*** Opening of Recorded information ***

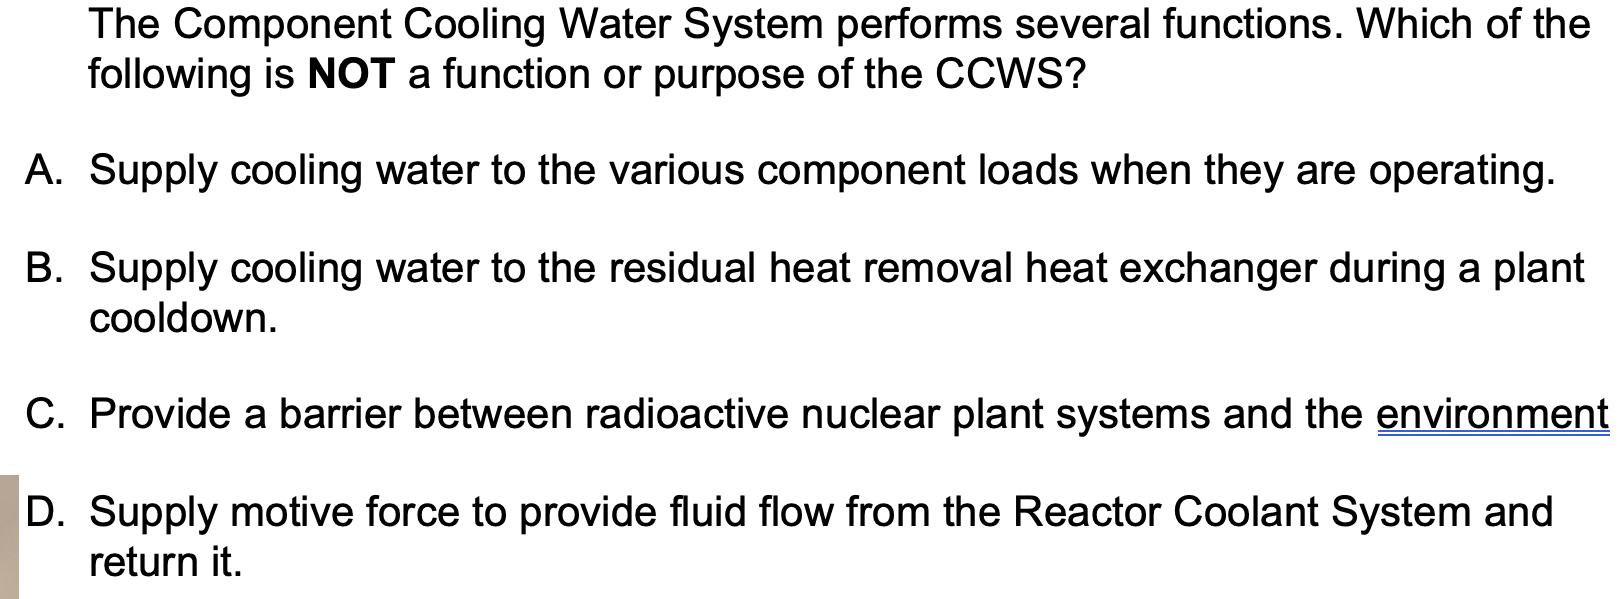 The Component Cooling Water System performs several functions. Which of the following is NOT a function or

*** Close of Recorded information ***
*** Opening of Recorded information ***

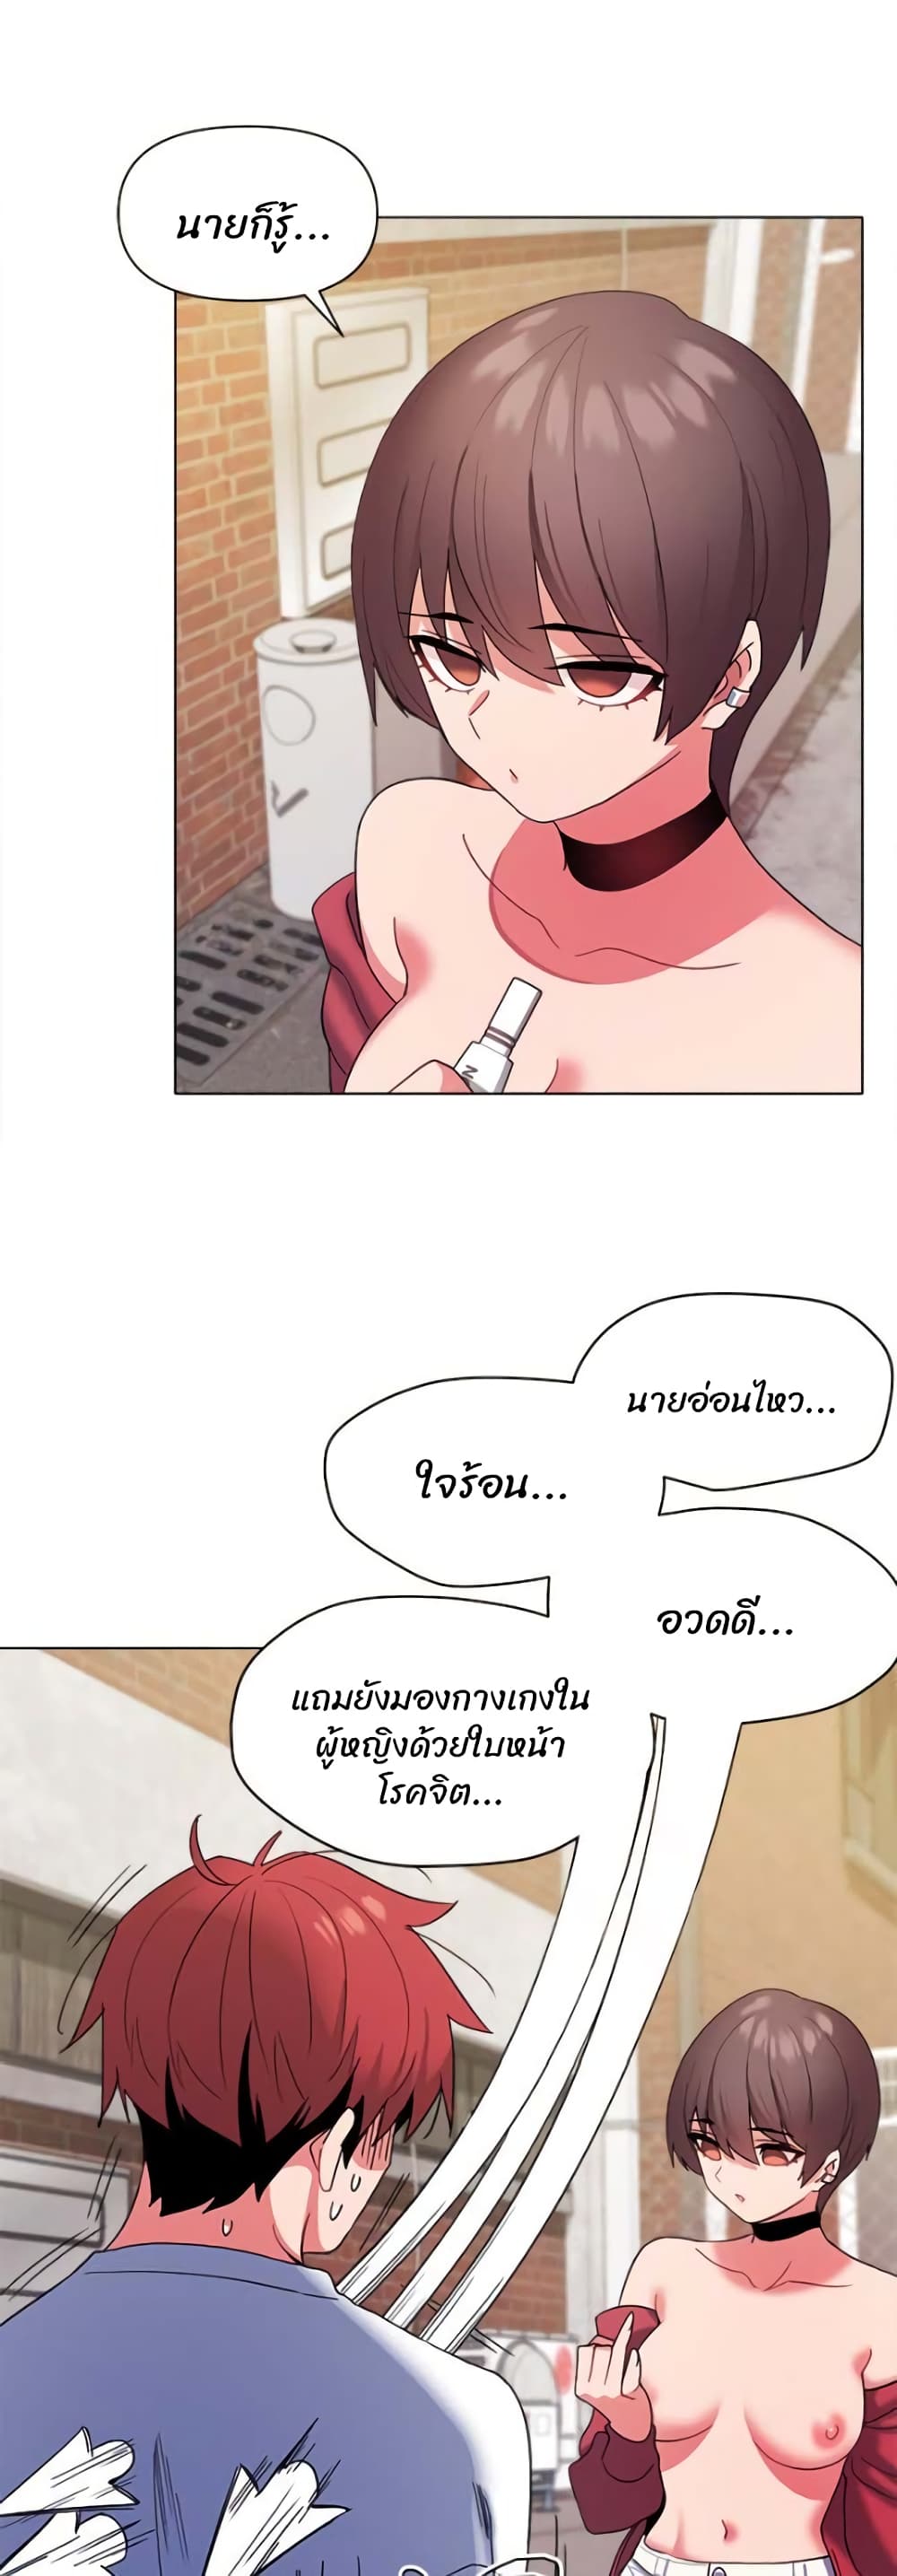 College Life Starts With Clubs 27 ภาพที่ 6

*** Close of Recorded information ***
*** Opening of Recorded information ***

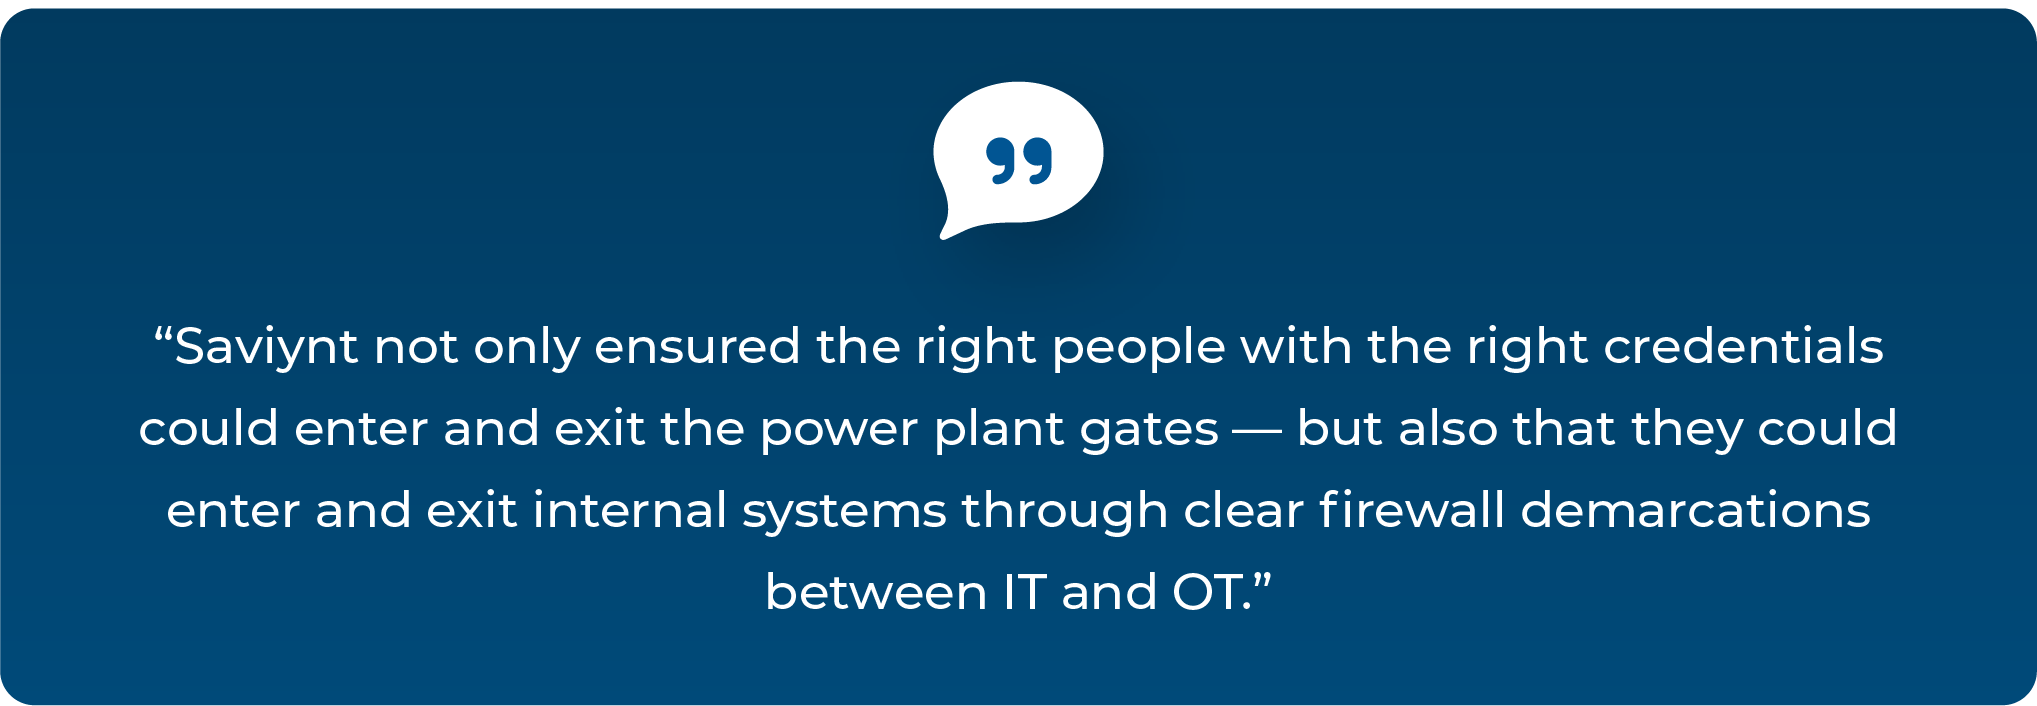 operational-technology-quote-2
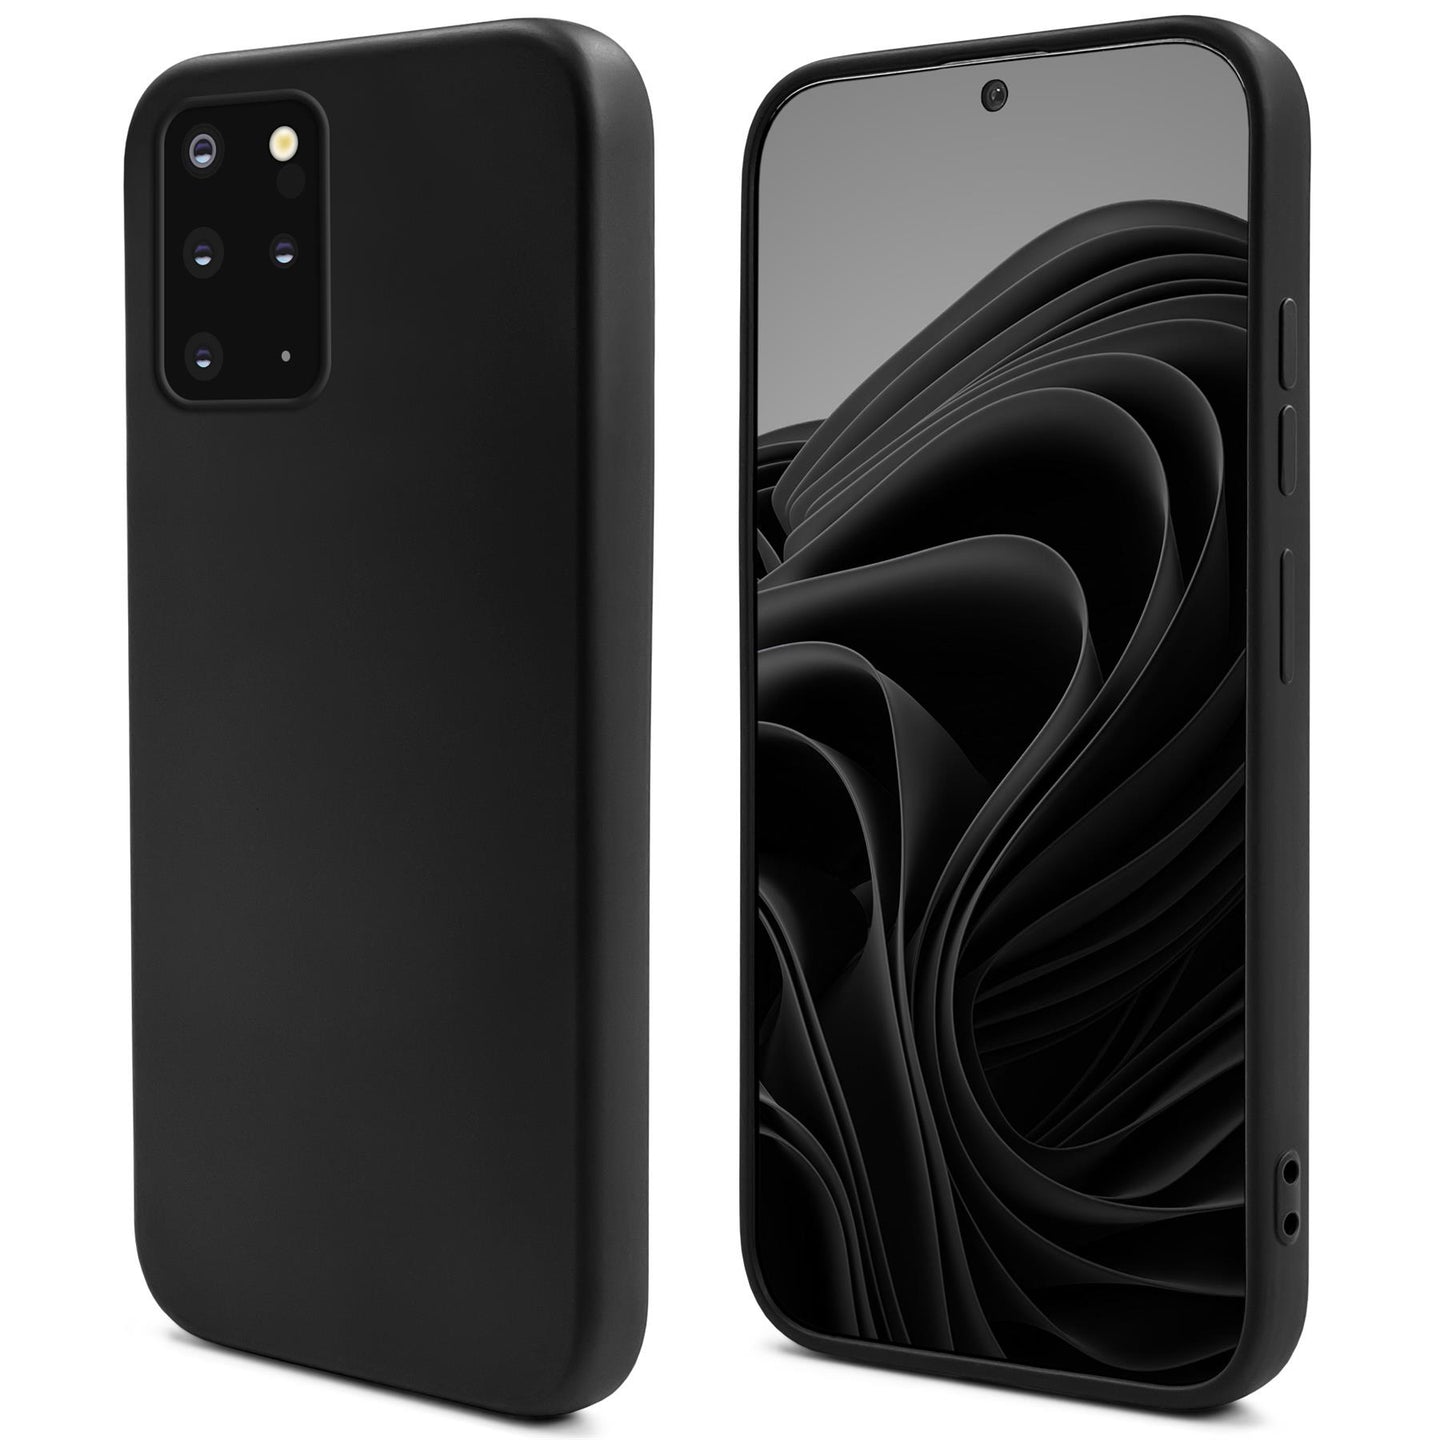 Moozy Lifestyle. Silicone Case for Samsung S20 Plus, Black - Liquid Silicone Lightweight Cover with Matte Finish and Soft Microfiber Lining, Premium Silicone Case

*** Close of Recorded information ***

* Requirement
Go down the entries above from the line containing "operational-technology-quote-2" to the line containing "Moozy Lifestyle. Silicone" and write out each line exactly, leaving pictures out.

* Written answer
 operational-technology-quote-2
 Moozy Lifestyle. Silicone Case for Samsung S20 Plus, Black - Liquid Silicone Lightweight Cover with Matte Finish and Soft Microfiber Lining, Premium Silicone Case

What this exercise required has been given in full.